Prosecutors also demanded that defense attorneys review evidence only
in the presence of a Justice Department specialist, a request the
judge eventually denied. "I think they are trying to render
meaningless the right to counsel, the right to present a defense,"
Aref's attorney, Terence Kindlon, told the New York Law Journal.
Hossain's lead attorney, Kevin Lui brand, who had been a U.S. Army
captain and worked in the JAG Corps at Walter Reed Army Medical
Center, where he had top-secret security clearance, told me he was
forced to undergo an eight-month security check before he could view
any classified evidence. Between the intelligence gathered overseas
and the months of domestic surveillance, the attorneys believed the
prosecution possessed more incriminating information that the defense
had yet to see. "They kept making it sound like they had all these
supersecret documents," said Luibrand. The day he and Kindlon were
finally granted clearance, they headed to two secure evidence rooms at
the federal courthouse in Albany that had been set up specifically for
their use. "A key was given to me, and a key was given to Kindlon.
There was a safe in each room," Luibrand told me. "We expected to view
voluminous documents. Instead, there was one piece of paper in the
safe, and it had nothing to do with my guy." The single document that
they'd been shown, which remains classified, was never presented in
court.
With the evidence they did have, the defense teams were faced with the
task of proving that the seemingly damning intelligence gathered
against their clients was not what the FBI thought it was. The
prosecution argued that "cryptic notes" from Aref's diary suggested he
was an agent of the Islamic Movement of Kurdistan sent to the United
States by one of its leaders, Krekar, a wanted terrorist, in order to
carry out a "plan in America." But the United States had classified
Krekar as a terrorist only in 2003, after he founded Ansar al-Islam, a
radical offshoot of the IMK. Aref left Syria in 1999, when the IMK was
still considered a U.S. ally. At the time Aref worked there, the group
supported the U.S. effort to overthrow Saddam Hussein, and the group's
primary goal was to establish an independent Kurdish state. When the
defense finally got their hands on the diary, over a year into the
case, they discovered that the "plan in America," was a mistranslation
of "America's plan," which additional diary entries made clear was
actually the U.S. effort to topple Saddam's regime.
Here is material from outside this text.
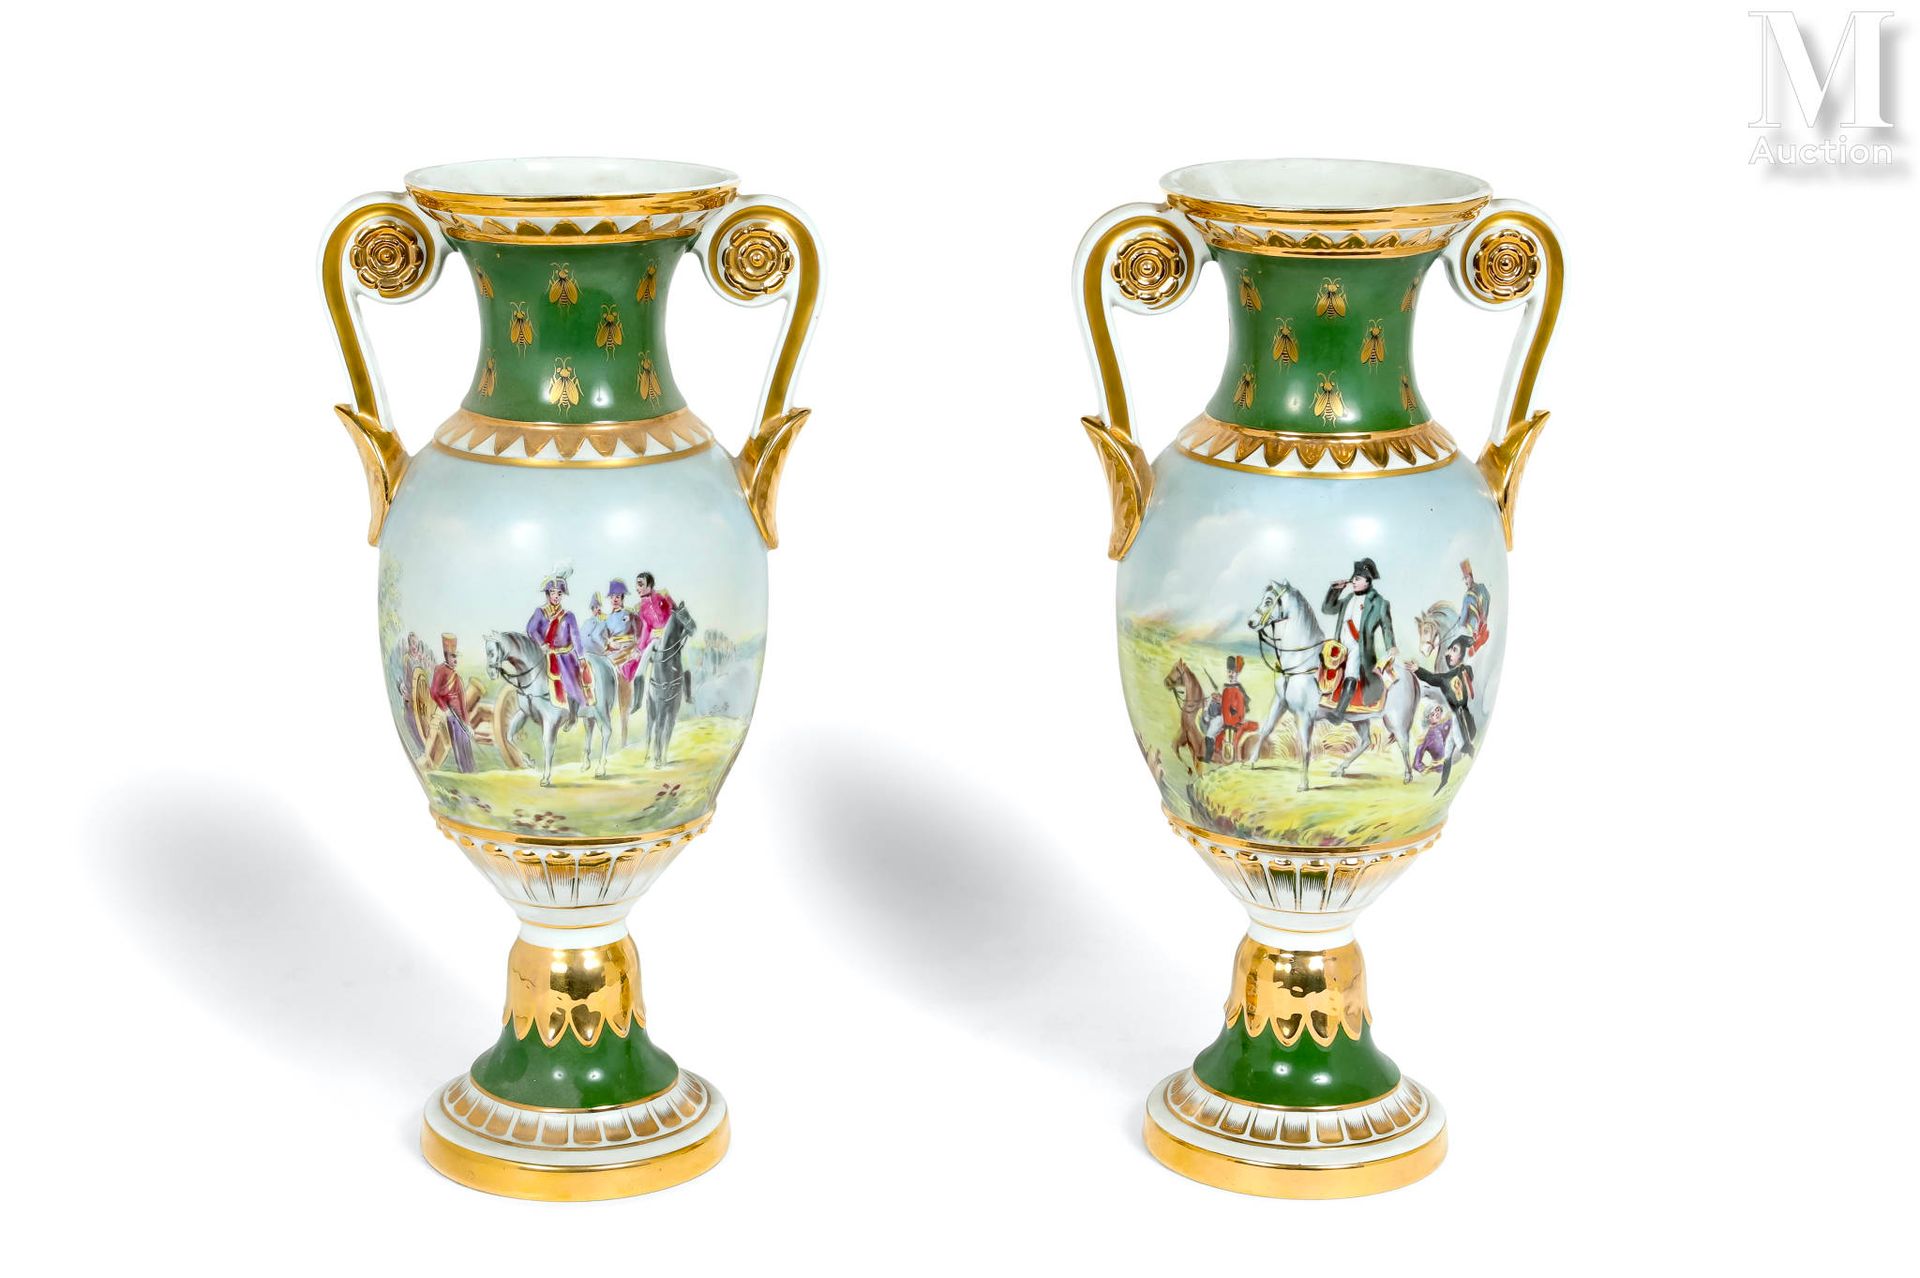 Paire de vases 巴黎瓷器，镀金并绘有代表拿破仑骑马的战斗场景的旋转门楣，绿色颈部有蜜蜂，侧面有卷轴把手
19世纪，帝国风格 
底座下有一个镀金的冠&hellip;
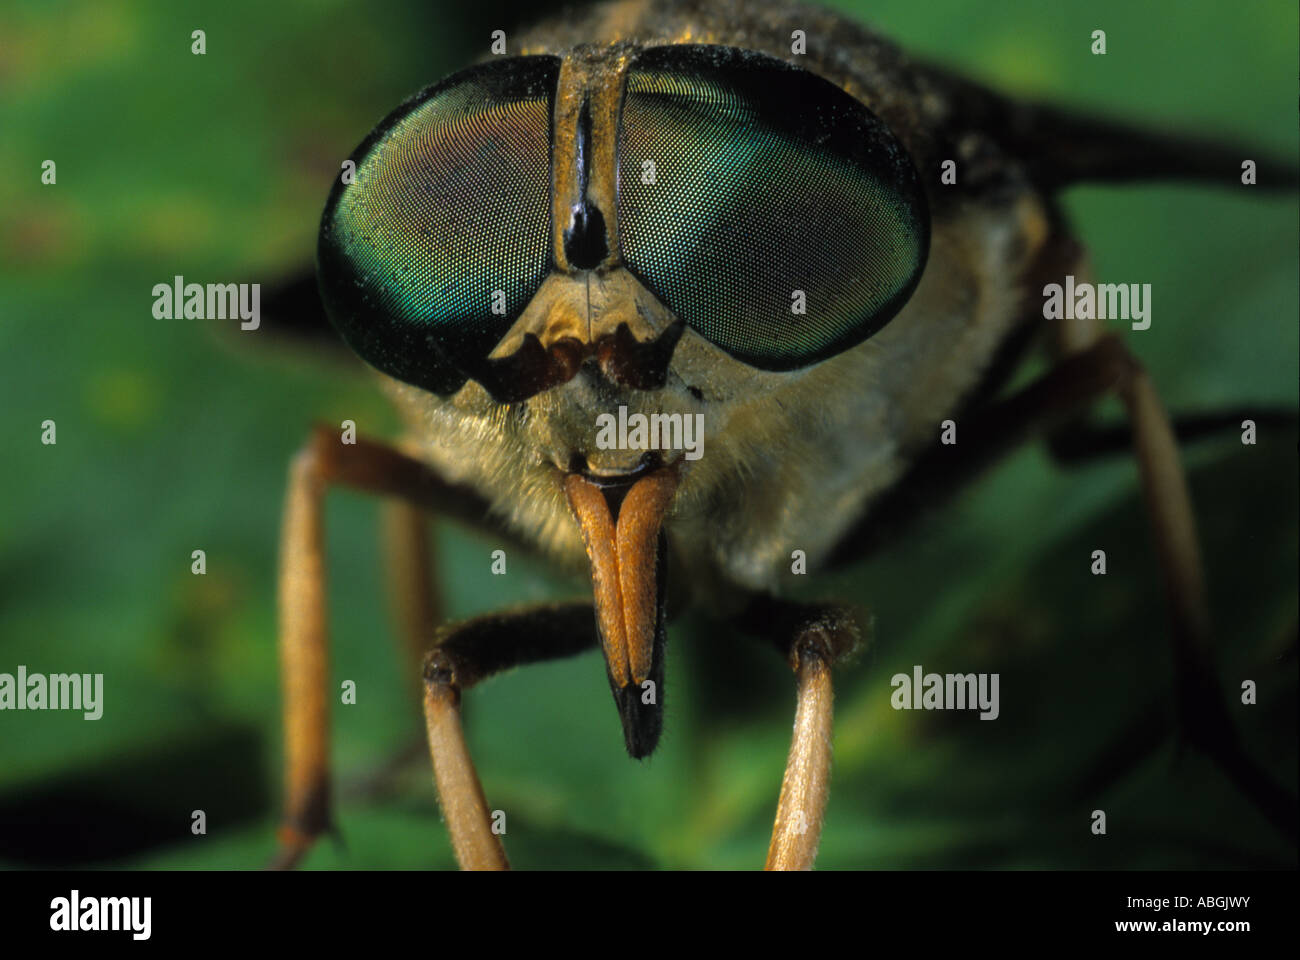 Dark giant horsefly (Tabanus sudeticus) Stock Photo

When I later met with the lead prosecutor in the case, William
Pericak, I asked about the diary translation, and about the other
intelligence the government had, like Aref's numerous phone calls from
Albany to the IMK offices in Syria, which the government found
suspicious but Aref said were his only way to get news about his
friends and family back in Kurdistan. "I'm the first to say that any
individual piece of information here is capable of innocent
explanation," Pericak told me. "It's also capable of very sinister
inference."
At the trial, Pericak showed no such ambivalence, though he made clear
to the jury that "we are not proving that Mr. Aref is a terrorist,"
only that Aref "intended to help Malik disguise where the money came
from." (During the proceedings, the rooftop of the federal courthouse
was lined with sharpshooters, a precaution that could not but give
jurors the impression that the men on trial were very dangerous.)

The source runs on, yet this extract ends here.